Bir varlık büyükse... Ama gerçekten kocamansa... Çok güçlüyse... İlginç bir görüntüye sahipse... O varlık çocuklar için heyecan vericidir. Tıpkı dinozorlar gibi...
Biz geçtiğimiz haftayı dinozorların dünyasında geçirdik. Milyonlarca yıl geriye gittik ve onların izini sürdük. Tahmin edebileceğiniz gibi heyecan vericiydi.
Ayak izlerini takip ederek başladık dinozorların dünyasını keşfetmeye. Gerçekten kocamandı bulduğumuz izler. Çocuklar ayaklarını yan yana getirdiklerinde ancak doldurabildiler içini.
Ardından farklı dinozor türlerini tanıdık. Hepsinin değişik özellikleri vardı. Kimisi otla besleniyordu, kimisi etle. Kimisinin vücut ısılarını düşürmek için sırtlarında kalkanları vardı. Kimisinin boynuzları... Ama hepsinin ismi tuhaftı.
Dinozorların yumurtladıklarını öğrendiğimizde bu defa yumurtaları incelemeye başladık. Bizim alışık olduğumuzdan çok daha büyüktü dinozorların yumurtaları.. Biz de dayanamadık boyadık hepsini.
Geçen yazımızda Şişli Bilim Merkezi'ne düzenlediğimiz gezimizde katıldığımız Dinozor ve Fosil Atölyesi'nden bahsetmiştik. Atölyede gerçekleştirdiğimiz kazılar çok hoşumuza gidince okulda devamını getirdik. Küçük paleontologlarımız kum havuzundaki dinozor kemiklerini bularak bir araya getirdiler.
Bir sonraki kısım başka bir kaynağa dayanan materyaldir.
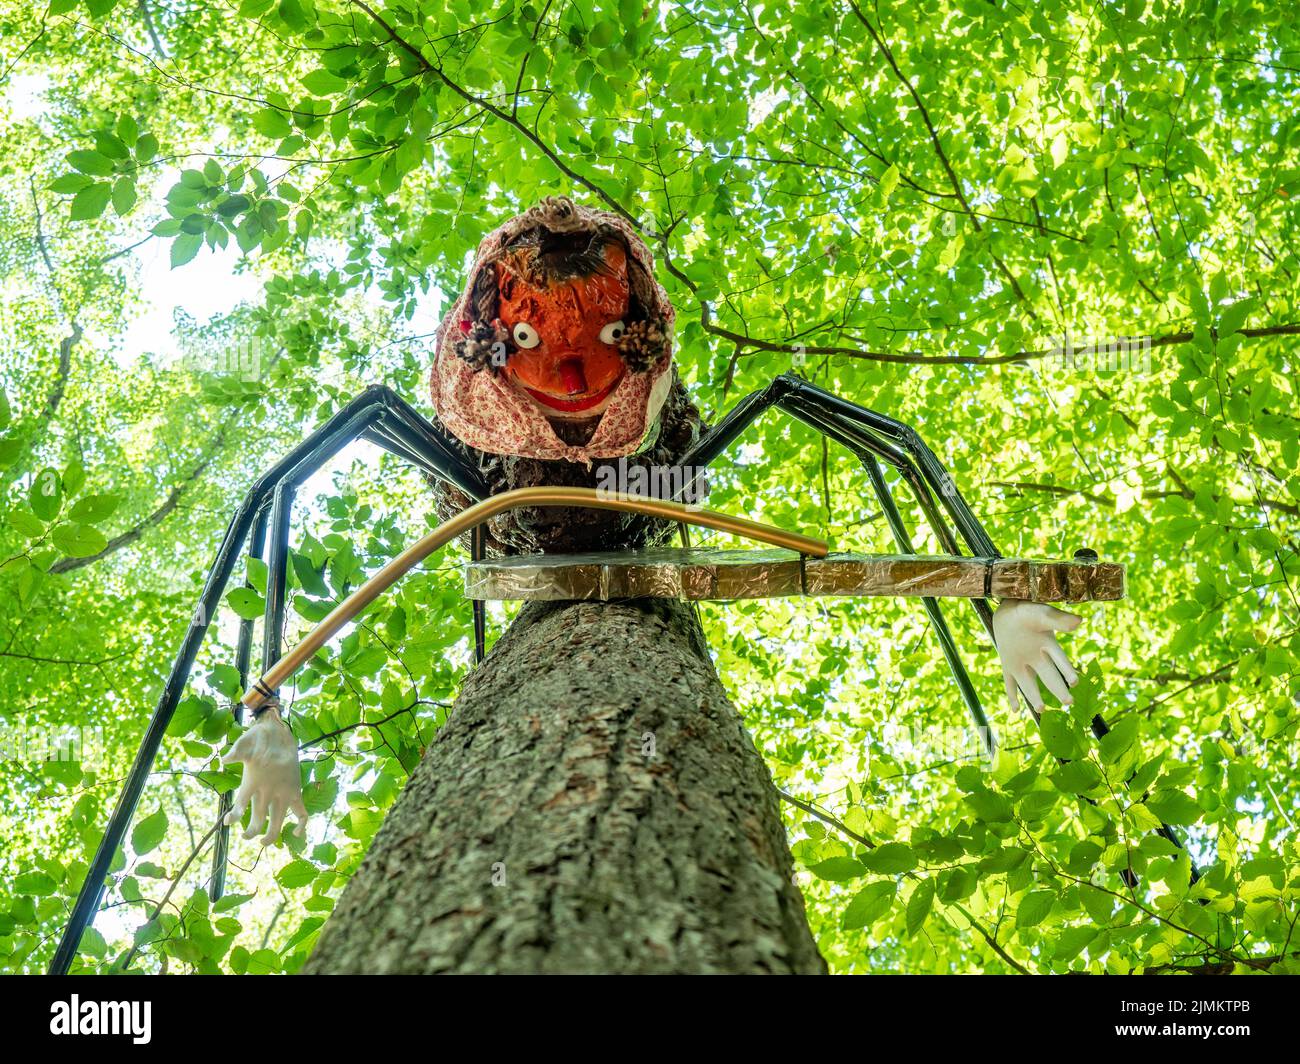 Juguete o estatua de una araña dama con un violín entre sus ocho patas. Lazo de cuerda Hágalo Gossamer telaraña en el árbol en el parque de juegos de los niños Foto de stock

Ve bir süre sonra baktığımız her yerde dinozorlar görmeye başladık. Elimize geçen her şeyi dinozora dönüştürmek o kadar kolay ve eğlenceliydi ki...
Geçtiğimiz hafta dinozorların dünyasında heyecan verici birkaç gün geçirdik. Onlara dair her şey bizim için ilgi çekiciydi. Şimdi sıra günümüz hayvanlarına geldi. Bu haftaki yolculuğumuzu Nuh'un Gemisi içerisinde gerçekleştiriyoruz. Yüzyıllar öncesinden gelen bu hikayeden yola çıkarak hayvanları tanıyoruz. Ve bu hikayenin en leziz kısmını hayata geçirip aşure yapıyoruz. Ama bu da bir sonraki yazımızın konusu.